WHAT YOU WILL DO ->
Leave the pictures out, and repeat exactly every line from the one with "알림-190104-2019 운영학교-예술강사 배치 안내001.jpg" through the end of the data below.

DATA SEGMENT ->
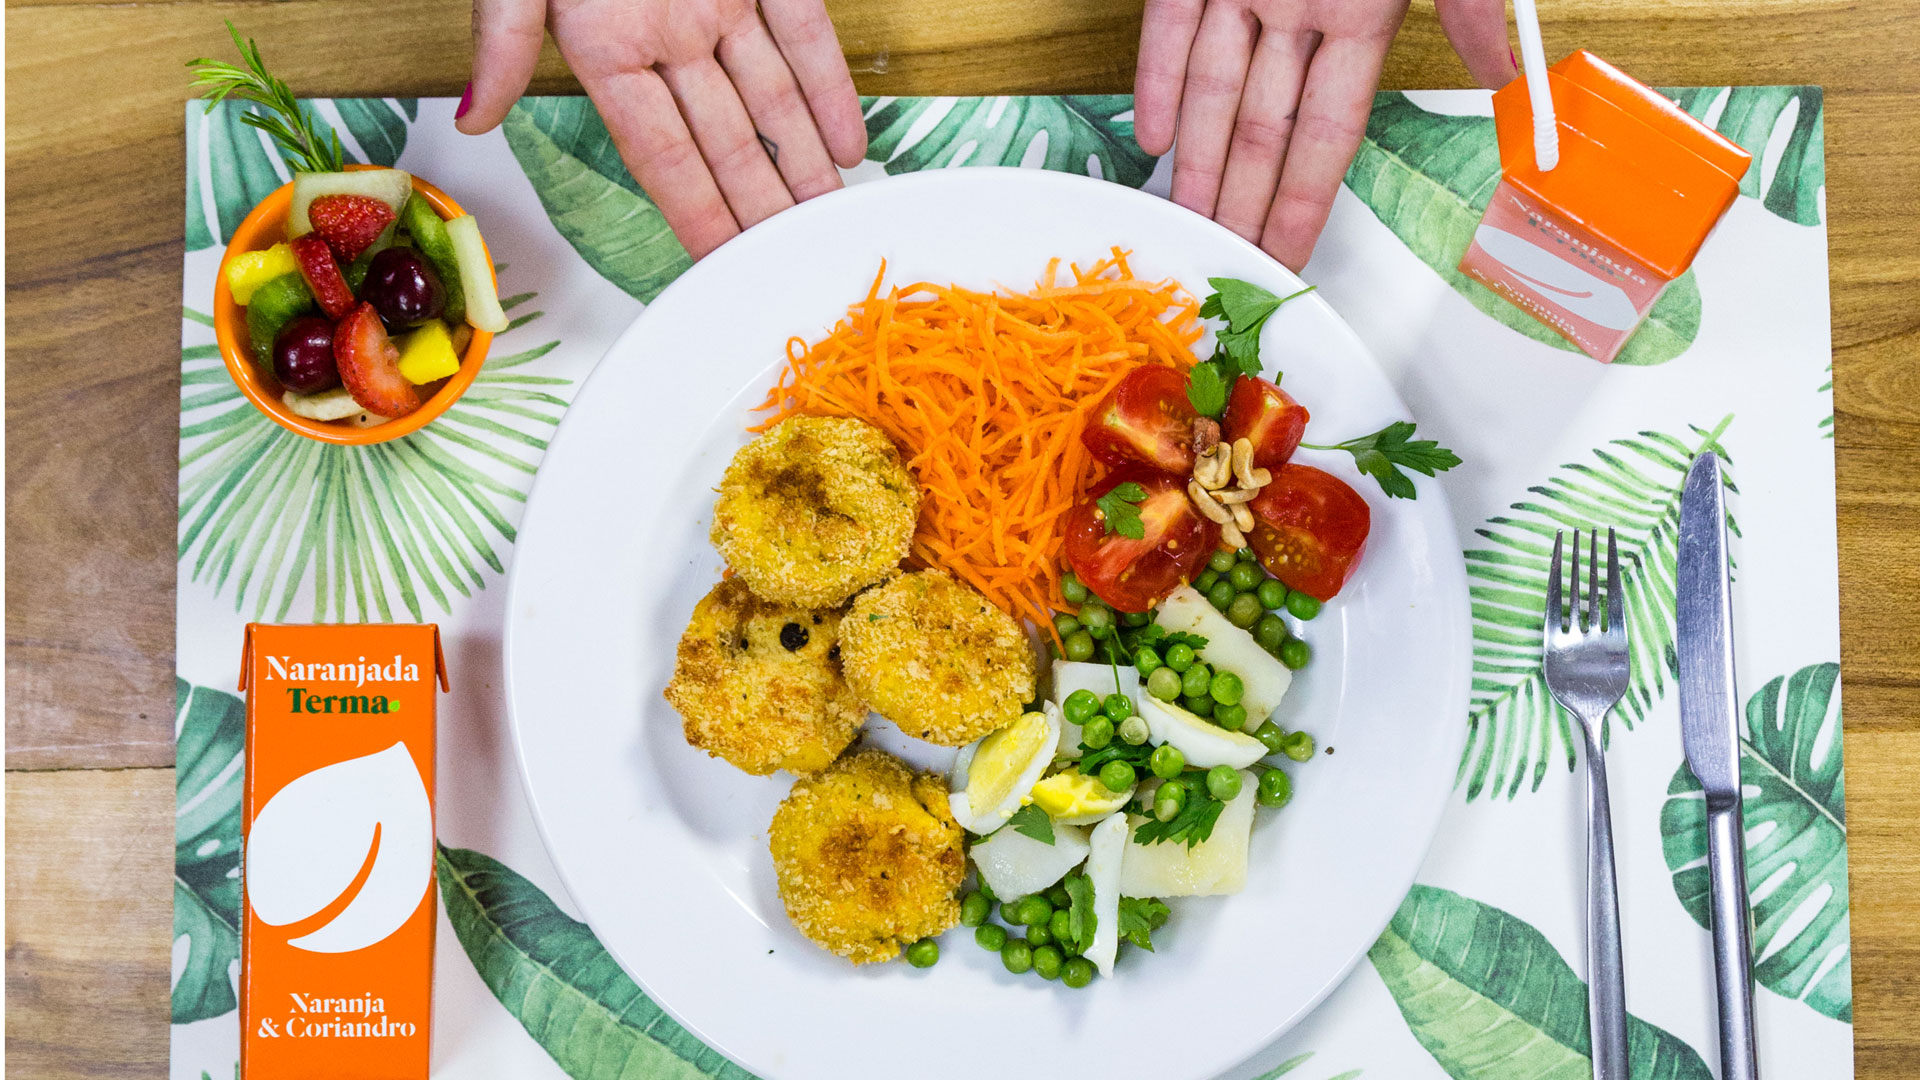 Nuggets de pollo y queso con ensalada. Acompañada por una Terma de naranja y coriandro.
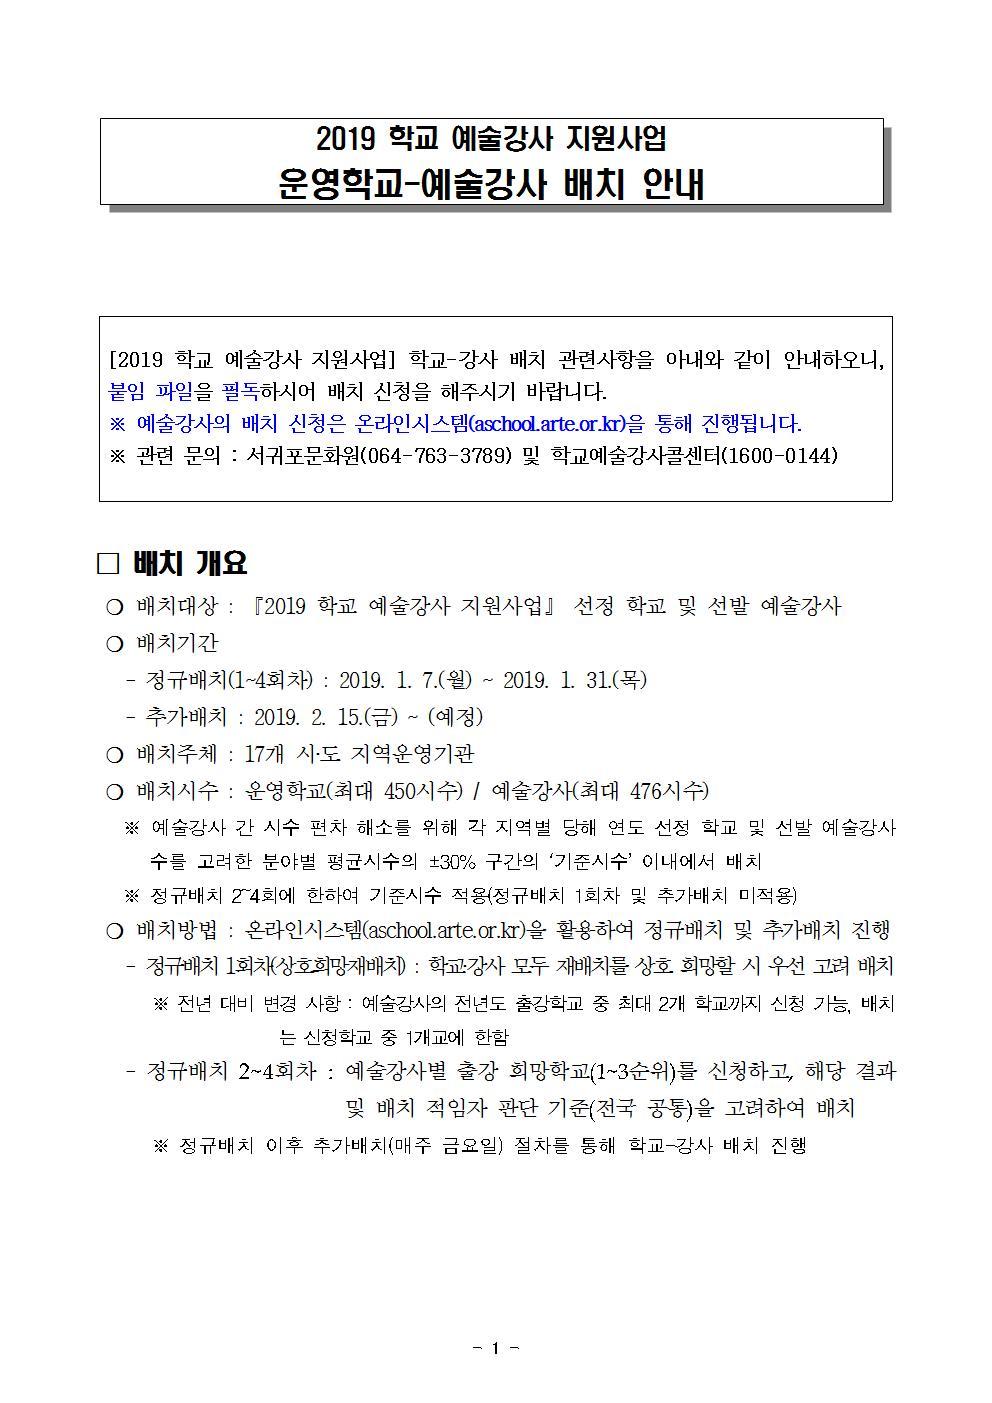 알림-190104-2019 운영학교-예술강사 배치 안내001.jpg
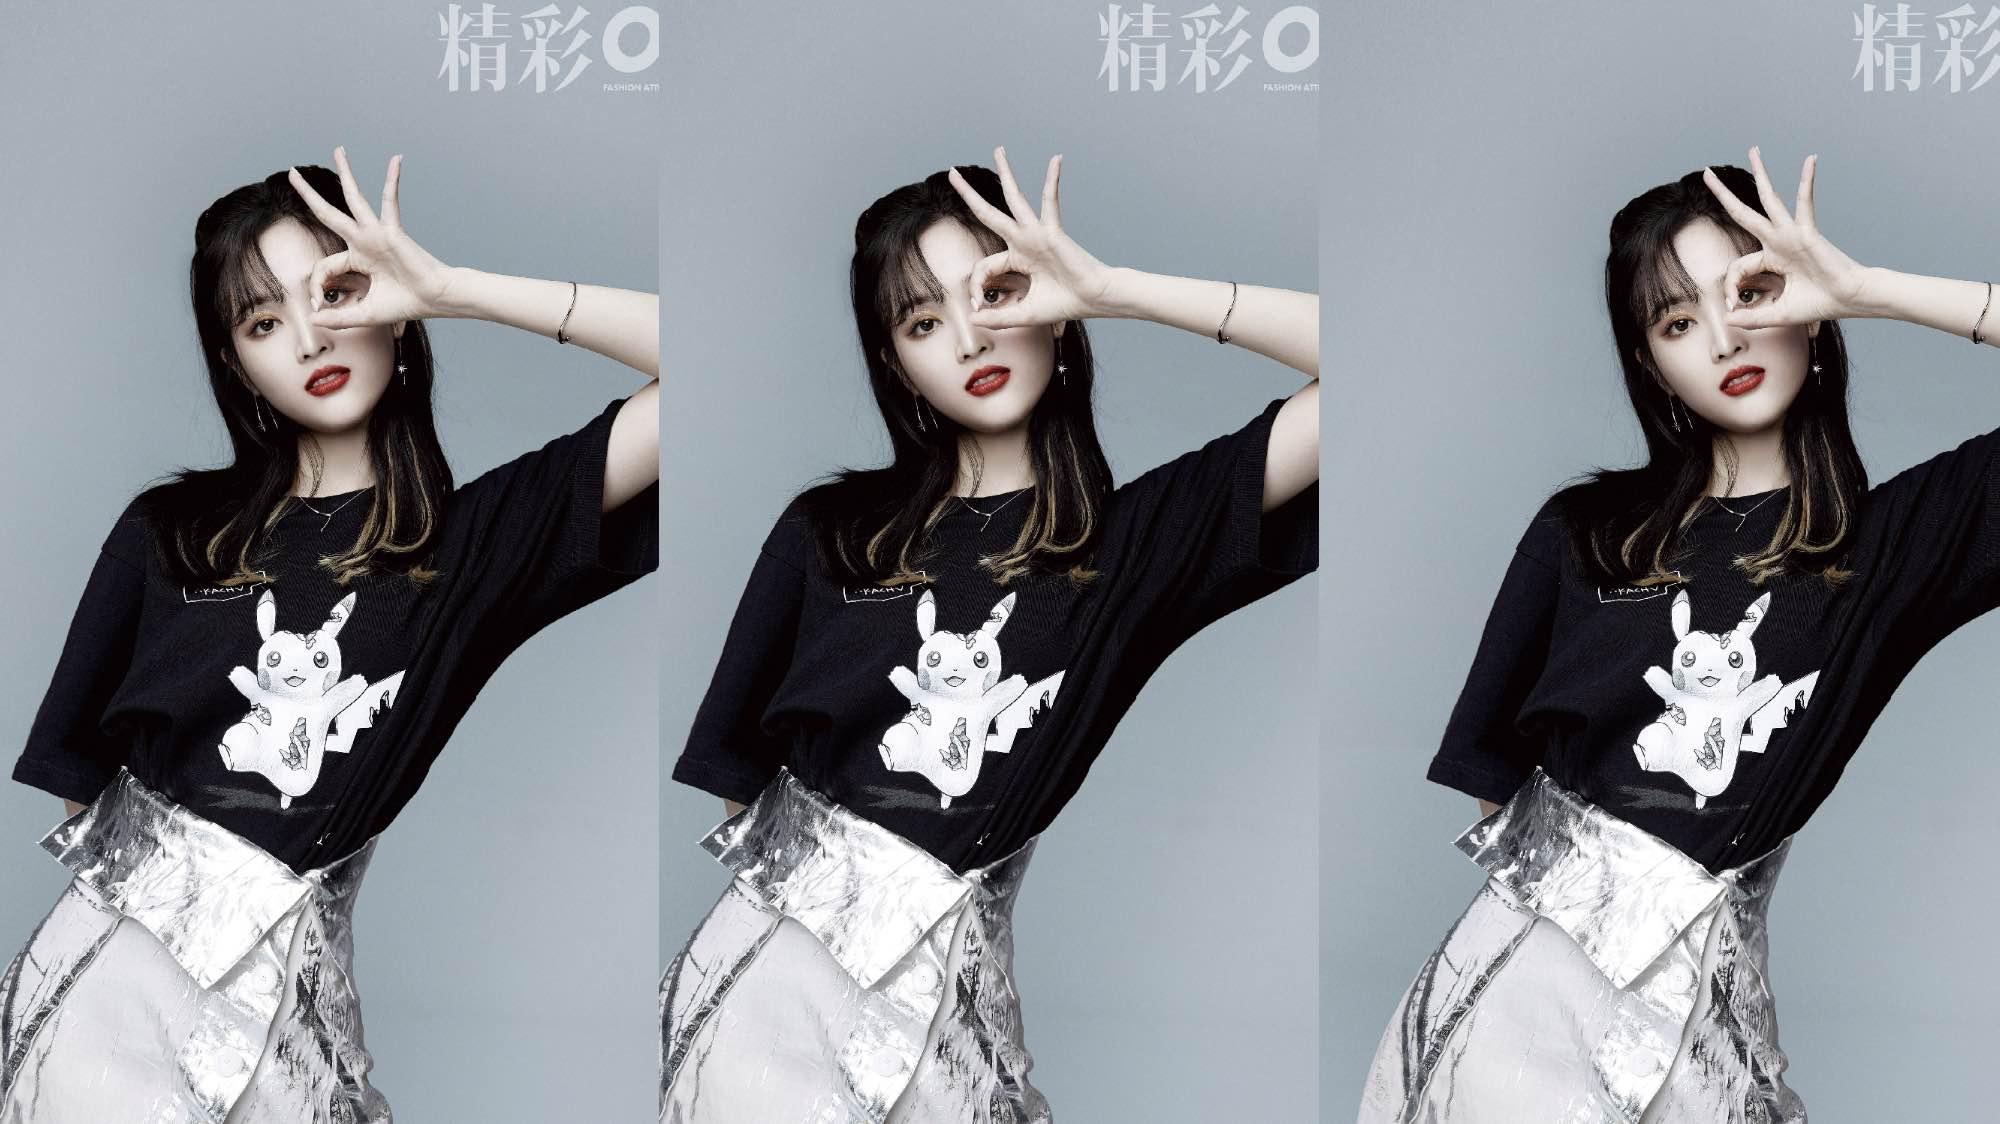 吴宣仪登《OK!精彩》封面 包揽实体刊销售记录TOP2

RESPONSE TO THIS EXERCISE ->
 알림-190104-2019 운영학교-예술강사 배치 안내001.jpg
 吴宣仪登《OK!精彩》封面 包揽实体刊销售记录TOP2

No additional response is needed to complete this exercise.